Let (RegB=(state.instrReg>>16) &7)
bus=state.reg[RegA];
state.memoryAddress=Bus;
goto push2;
push2:
printState(&state,”push2”);
bus=state.reg[RegB];
state.memoryData=bus;
goto push3;
push3:
printState(&state,”push3”);
bus=state.instrReg & 0xFFFF;
state.ALUoperand=bus;
goto push4;
push4:
printState(&state,”push4”);
bus=0;
state.ALUresult=bus+state.ALUOperand;
goto push5;
push5:
printState(&state,”push5”);
bus=state.reg[regA];
state.ALUOperand=bus;
if(state.ALUresult==0)
goto neg1;
else
goto pos1;
neg1:
bus=-1;
state.ALUresult=state.ALUoperand+bus;
goto done;
pos1:
bus=1;
state.ALUresult=state.ALUoperand+bus;
goto done;
done:
bus=state.ALUresult;
state.reg[RegA]=bus;
goto fetch;
Consider the push instruction from the previous question and the
multi-cycle datapath used in class (provided).

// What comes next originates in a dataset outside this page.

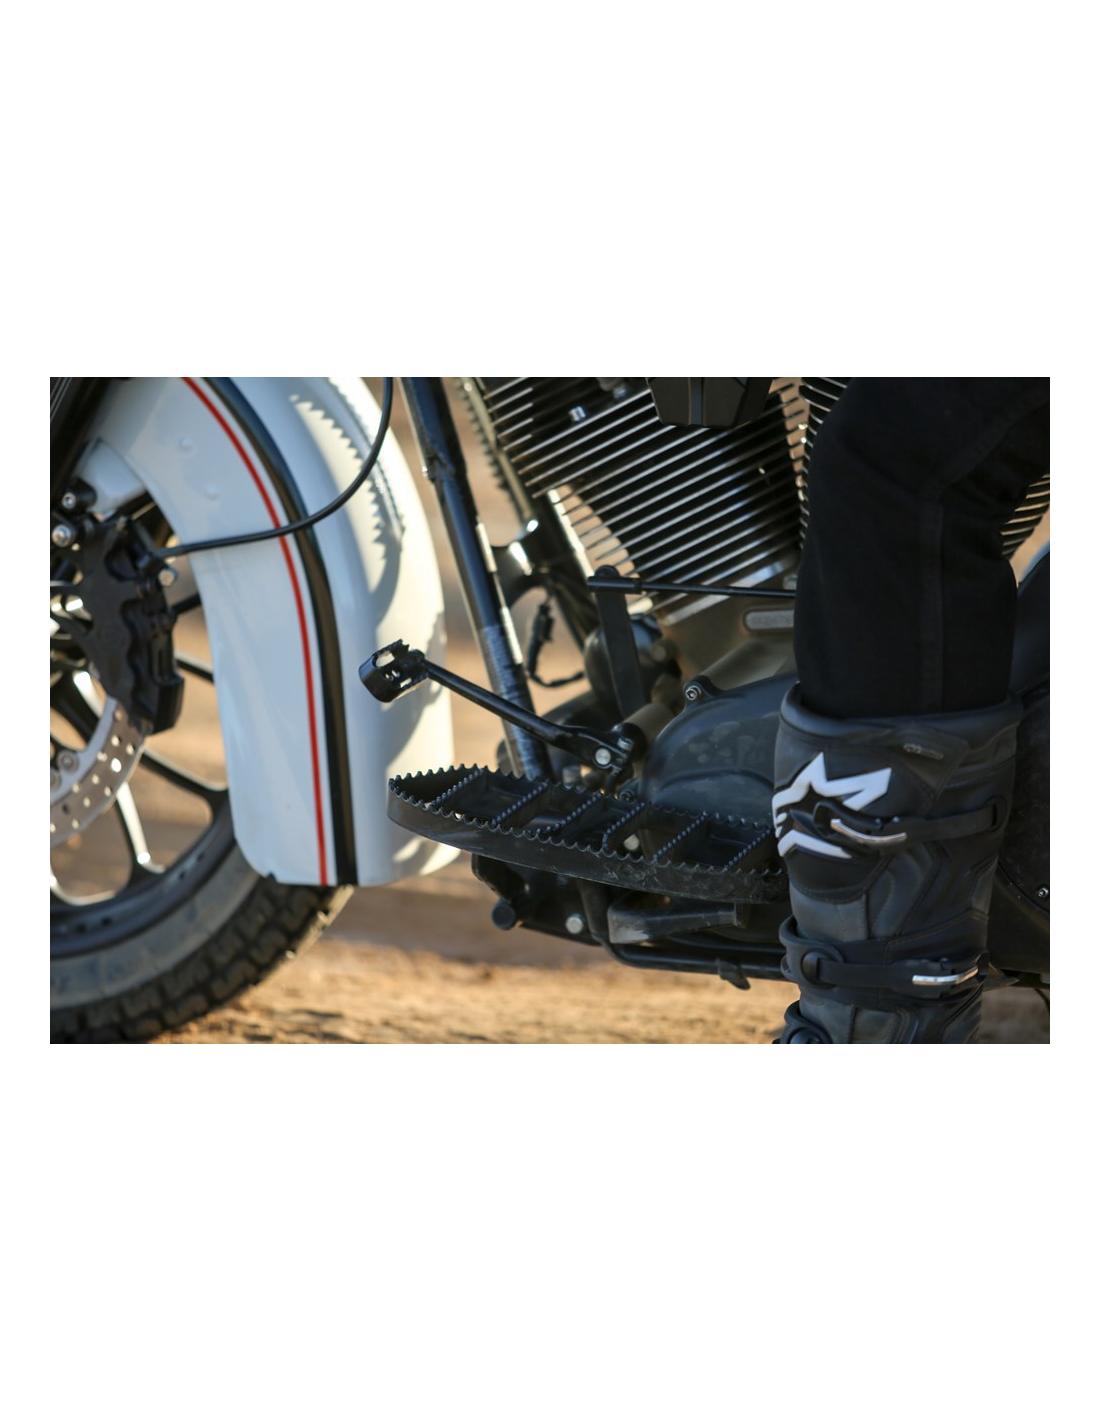 XMT-MOTO para estribo de pasajero estilo Streamliner y kit de montaje con  estriberas ajustables en ángulo corto para modelos Harley Davidson Touring

Assume you could add the necessary connections and MUXes needed. What would happen in each cycle of the
execution of a push instruction? You
are to use as few cycles as possible and may not add anything other than
wires and MUXes (no additional adders, registers, etc.) If a given state is unneeded, label it as unneeded,
otherwise give a brief description (in psuedo-code) of the events in each stage
(you may add more stages if needed). We
have provided the fetch and decode part and you may not modify them. (20
points)
Fetch:
InstReg=MEM[PC]
PC=PC+1
Goto Decode
Decode:
Readdata1=Register[InstReg bits 22-24]
Readdata2=Register[InstReg bits 19-21]
…………
If (push) Goto Push1
Push1:
// hold Readdatas from Decode
MEM[Readdata1]=Readdata2
if(signextend(InstReg bits 0-15) == 0)
then goto Push2
else goto Push4
Push2:
// hold Readdata1 from Push1
ALUout=Readdata1 + 1
Push3:
// hold Readdata1 and ALUout from Push2
Register[InstReg bits 19-24]=ALUout
goto Fetch
Push4:
// hold Readdata1 from Push1
ALUout=Readdata1 + -1
Push5:
// hold Readdata1 and ALUout from Push4
Register[InstReg bits 19-24]=ALUout
goto Fetch
Common
mistake:
·
missing
that we need to hold values on ALU and hence having one writeback state.
o
Not
putting states but paying lip service to holding values
o
Missing
WB or using eq as mux control, or doing both WB and EX in one cycle thereby
missing the problem.
Note:
We pretty much took it if it was right and
we could figure out what people were doing.